--- Instructions to follow ---
Nothing but the lines from the one containing "The Missing Beryls" through the end of the data below may appear in the response, each one exact.

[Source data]
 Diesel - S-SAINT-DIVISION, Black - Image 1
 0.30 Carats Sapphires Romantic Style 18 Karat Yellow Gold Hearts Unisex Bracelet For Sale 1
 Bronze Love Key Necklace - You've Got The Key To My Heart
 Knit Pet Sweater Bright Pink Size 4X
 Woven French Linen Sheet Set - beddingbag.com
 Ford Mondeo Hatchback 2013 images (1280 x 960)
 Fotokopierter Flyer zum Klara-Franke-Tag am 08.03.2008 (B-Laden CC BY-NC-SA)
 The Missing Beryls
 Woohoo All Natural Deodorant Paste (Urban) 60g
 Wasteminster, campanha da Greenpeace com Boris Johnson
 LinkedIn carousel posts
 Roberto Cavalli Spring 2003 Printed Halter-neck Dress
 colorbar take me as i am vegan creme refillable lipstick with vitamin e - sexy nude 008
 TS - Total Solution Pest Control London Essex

--- Written solution ---
 The Missing Beryls
 Woohoo All Natural Deodorant Paste (Urban) 60g
 Wasteminster, campanha da Greenpeace com Boris Johnson
 LinkedIn carousel posts
 Roberto Cavalli Spring 2003 Printed Halter-neck Dress
 colorbar take me as i am vegan creme refillable lipstick with vitamin e - sexy nude 008
 TS - Total Solution Pest Control London Essex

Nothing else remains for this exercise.